Image from Airplane-Pictures.net
Date Set for Jatropha-Powered Test Flight
The announcement that Air New Zealand had set an ambitious sustainable biofuels goal for 2013 created a lot of buzz back in September. But all too often such announcements amount to nothing. This time, however, the early signs are looking positive that this initiative may actually yield results. We've just heard via Green Car Congress that Air New Zealand, in conjunction with Boeing and UOP, have just set a date for their first test-flight running on 50% biofuel produced from non-food sources. There's more:
The biofuel in question will be blended 50/50 with regular jet fuel, and will be produced from Jatropha, an inedible plant that can be grown on soils where food plants cannot thrive (you can read more on TreeHugger about jatropha biofuels).
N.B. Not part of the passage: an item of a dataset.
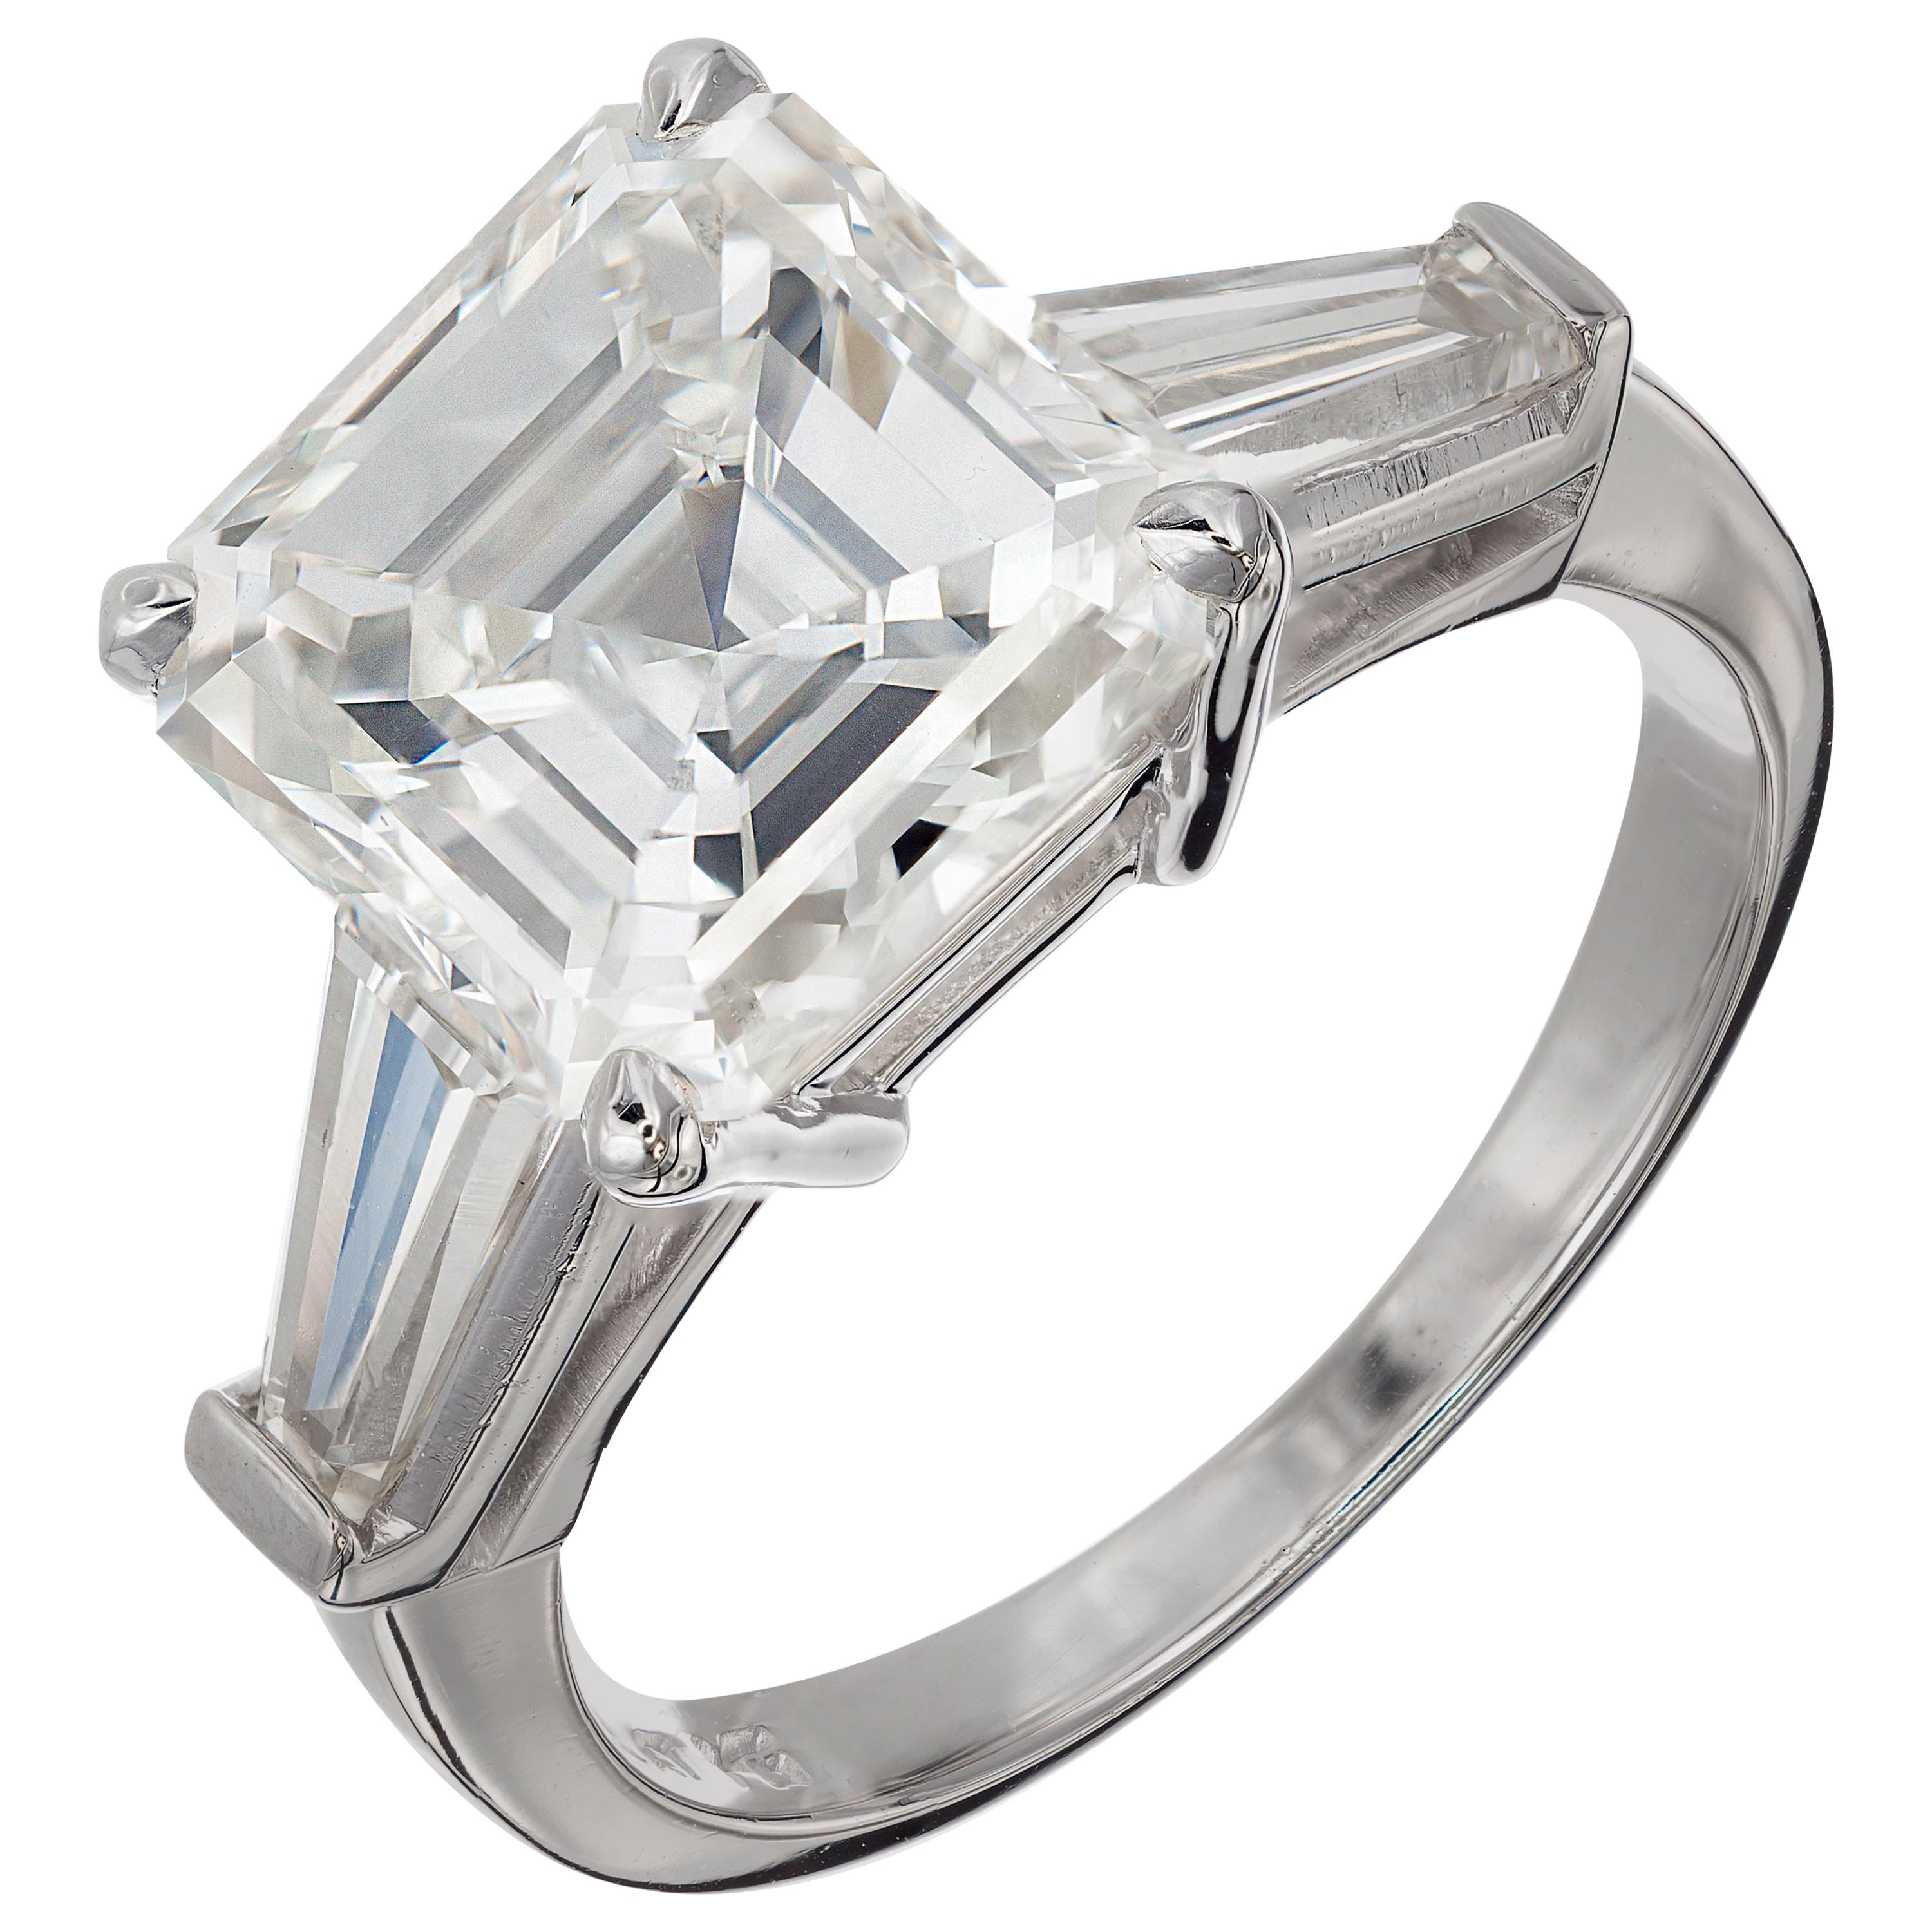 Peter Suchy 4.41 Carat Diamond Three-Stone Platinum Engagement Ring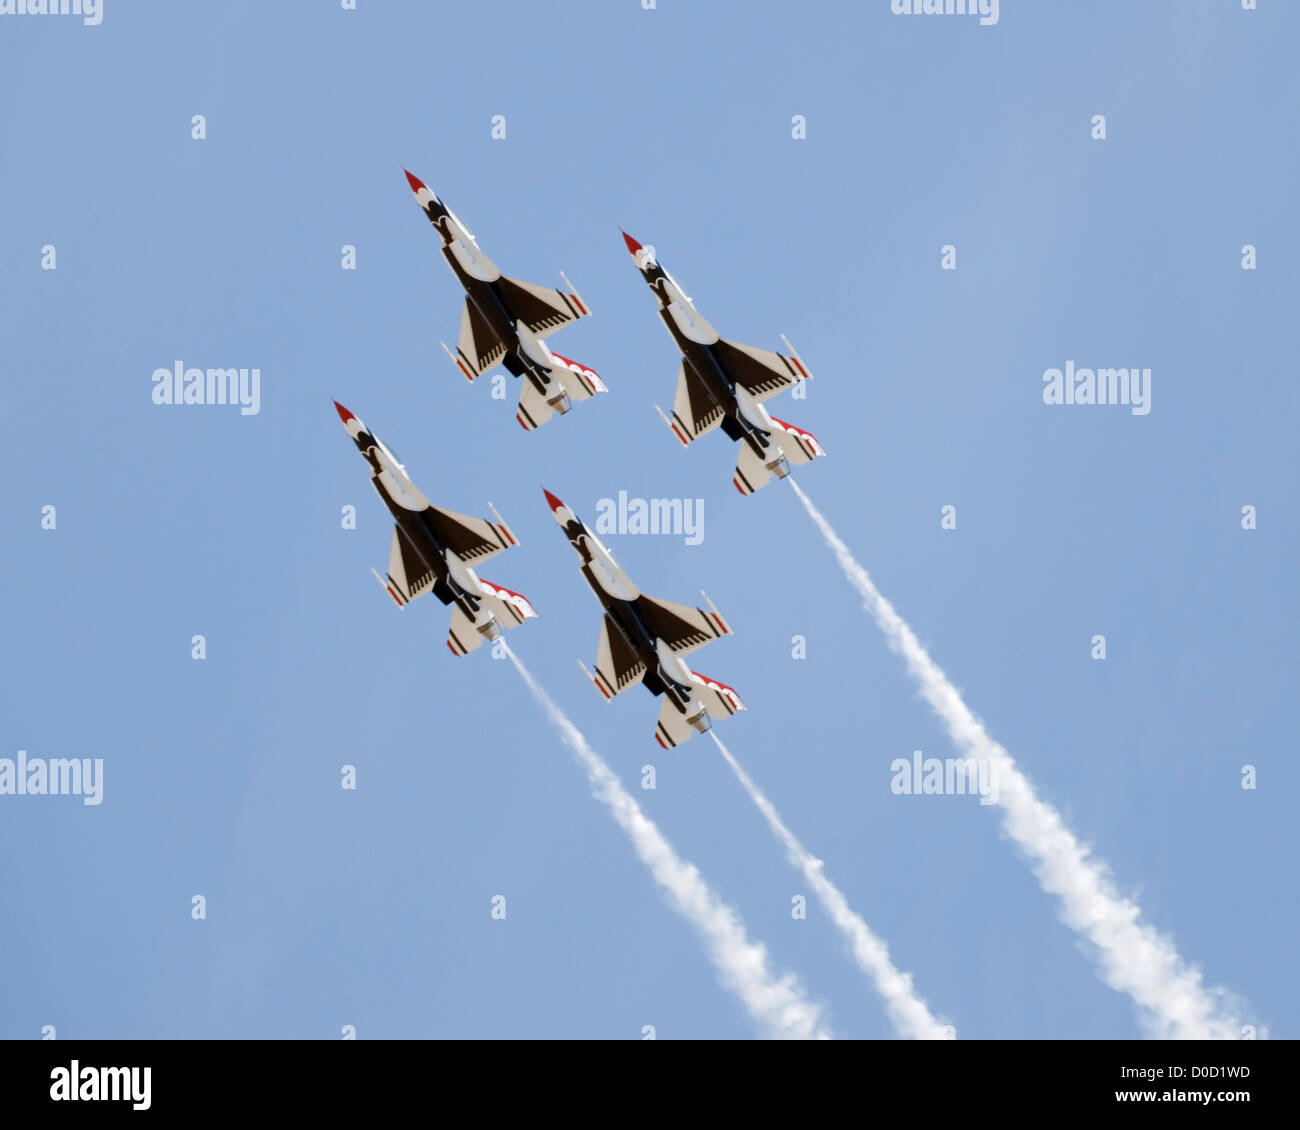 US Air Force Thunderbird Demonstration Team Stock Photo

According to the UOP press release about the biofuel, the technology is also adaptable to algae feedstocks. Air New Zealand Chief Executive Officer Rob Fyfe had this to say about the initiative and how it fits into the airline's wider sustainability goals:
"This flight strongly supports our efforts to be the world's most environmentally responsible airline. We recently demonstrated the fuel and environmental gains that can be achieved through advanced operational procedures using Boeing 777s. We're also modernizing our fleet as we await our Trent 1000-powered 787-9 Dreamliners that will burn 20 percent less fuel than the planes they replace. Introducing a new generation of sustainable fuels is the next logical step in our efforts to further save fuel and reduce aircraft emissions."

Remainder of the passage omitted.